Here your argument is fallacious.
You seem to be arguing that infant baptism is Biblical, when it's not.
Jesus said, "let the children come to me."
And children SHOULD be allowed to come to Him.
But what on EARTH does that have to do with "infant baptism"?
1) Children are not infants.
2) Infants cannot "come" to anyone.
3) Priests are not Jesus.
4) There is NO mention of "baptism" anywhere in that verse.
But this is the fallacious argument of suggestion. A person simply reading this passage ("Sola Scriptura") can easily see this has nothing to do with "infant baptism". But if a teacher says, "Let me show you a passage that TEACHES infant baptism", and then plants that suggestion in you, then the idea is now in the reader's mind as they read the verse. But the connection to "infant baptism" doesn't come from Scripture, it comes from a false teacher.
Fourth, in practice Luther, Calvin, and their Churches did not follow Sola Scriptura in practice either.
Well, I'm not sure that's true, since you don't understand what Sola Scriptura is.
But if even if they didn't follow it, that doesn't make it any less true. Whether they followed it or not is irrelevant.
In order to learn, understand, and explain the Bible they and their Churches relied on the writings of the Church fathers, especially Augustine. So De Facto they were treating Augustine and other writers as authorities to understand the Bible's position on questions, as opposed to using only the Bible alone on them. Further, when it came to the practice of Church administration, they along with the Lutheran and Calvinist Churches found that they needed to use church leaders, documents, and institutions as authorities.
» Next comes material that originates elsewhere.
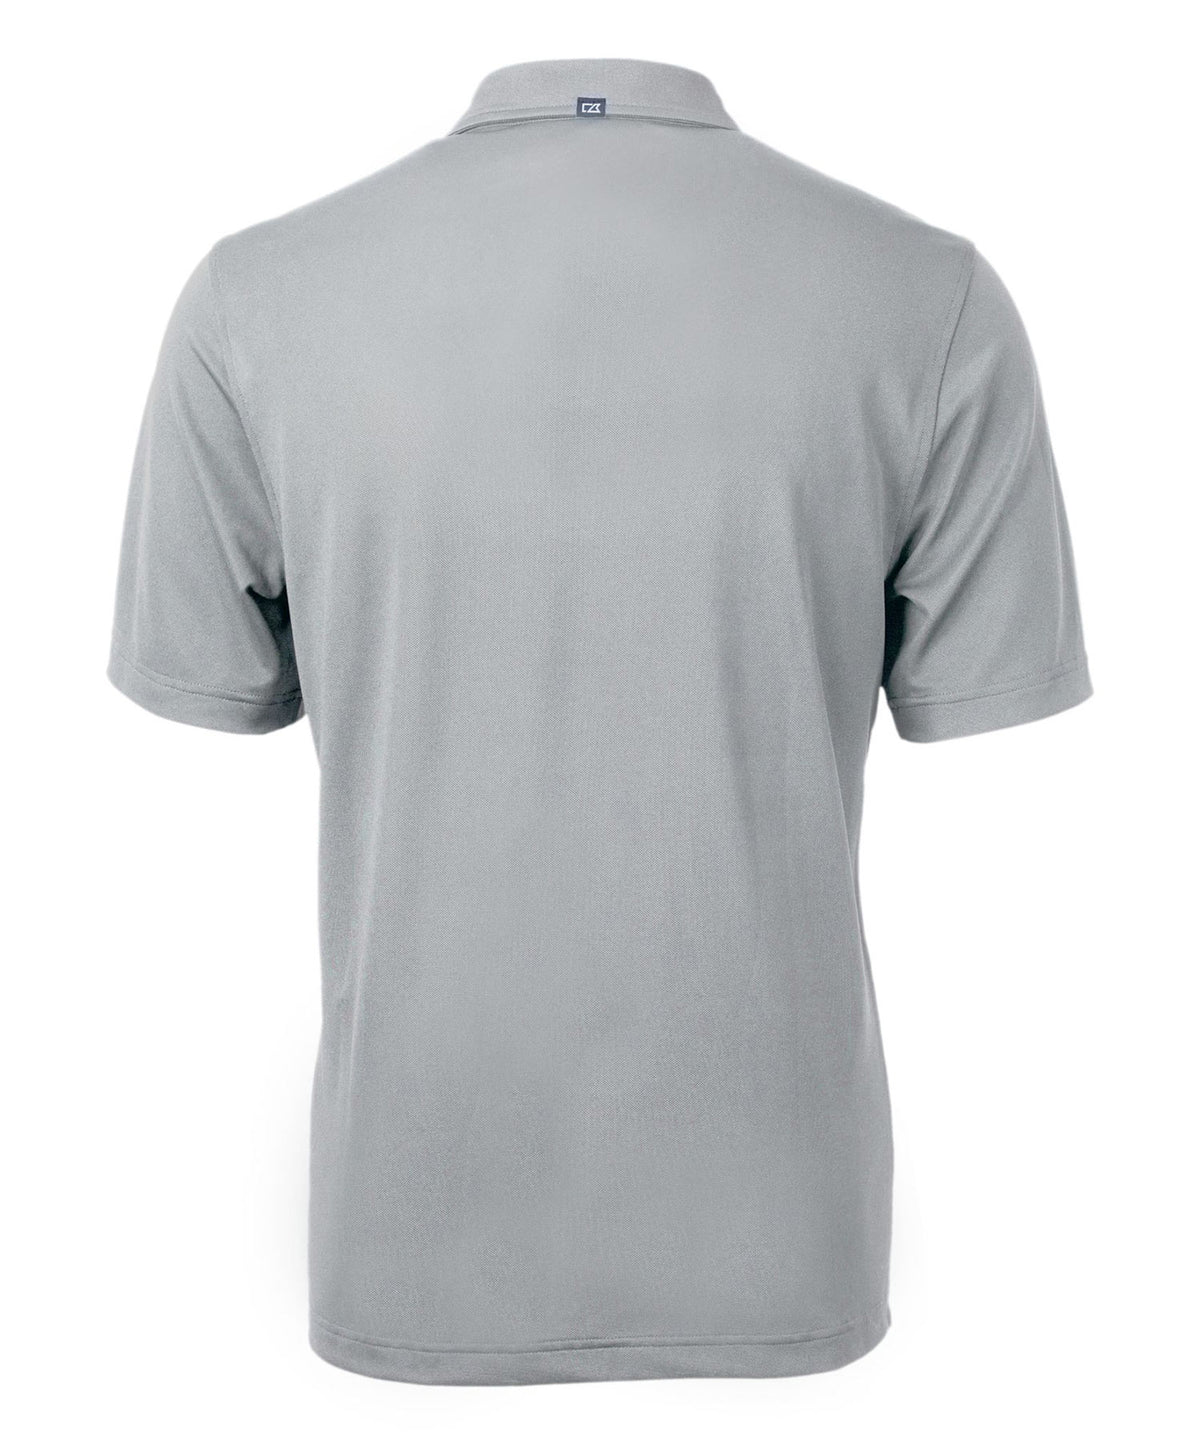 Cutter & Buck Atlanta Falcons Short Sleeve Polo Knit Shirt, Men's Big & Tall

And none of this goes against "Sola Scriptura".
SS doesn't deny the existence or proper use of other authorities and teachers.
It simply teaches that Scripture is the ULTIMATE authority, and the only INFALLIBLE authority.
Finally, Sola Scriptura is one answer and reaction against the Catholic idea of the infallible Magisterium, but is not actually the only or best answer to it.
Well, if it was good enough for "Catholics" such as Irenaeus, Clement of Alexandria, Tertullian, Hippolytus, Athanasius, Cyril of Jerusalem, Basis, Gregory of Nyssa, Chrysostom, Ambrose, and Augustine, then it's good enough for me....
A more natural answer to the topic is the Orthodox Christian or Anglican or Methodist principle where Scripture is the highest authority, but not the only authority. In Anglicanism and the Methodist Church descended from Anglicanism, this principle is called Prima Scrptura, the idea that Scripture is the First in authority. The Methodists have Scripture as part of the Wesleyan Quadrilateral that includes Scripture, Tradition, Reason, and Experience.
You can use whatever "authority" you like.
It's a free country, after all...
To better understand the Sola Scriptura principle, it is best to see how it stands in an opposite tension or "dialectic" with the Catholic Magisterium concept. The Catholic Church developed the idea that if all bishops everywhere agree on a teaching, then it becomes part of an "infallible" Magisterium.
... except for Irenaeus, Clement of Alexandria, Tertullian, Hippolytus, Athanasius, Cyril of Jerusalem, Basis, Gregory of Nyssa, Chrysostom, Ambrose, and Augustine....
Further, Luther's premise that Christian institutions or writings outside the Bible have no authority is not actually correct or practical, as Luther's own practice as a church leader showed.
I'm not understanding your point.
The Bible TEACHES "church leaders".
And he actually obeyed Scripture, by being married, unlike Catholic popes.
Luther's theory may have missed the fact that just because something like a Christian council, declaration, commentary, or assembly might be mistaken or "fallible" does not actually mean that it has no authority or should have no role in rule-making.
Well, if a "council" or "declaration" contradicts God's word, it's pretty worthless.
His theory may have also overlooked that even if one considers the Bible as the highest possible written source to decide on any issue, it doesn't follow that it is the only source. Nor does it follow that it is best or realistic to use the Bible as the only source. This is because while the Bible has general positions, like Jesus using wine at the Last Supper, Paul recommending alcohol as being healthy, and to avoid drunkenness, it doesn't have clear on-point directly relevant positions on every issue, like whether one can unconditionally only ever use fermented red wine for Communion.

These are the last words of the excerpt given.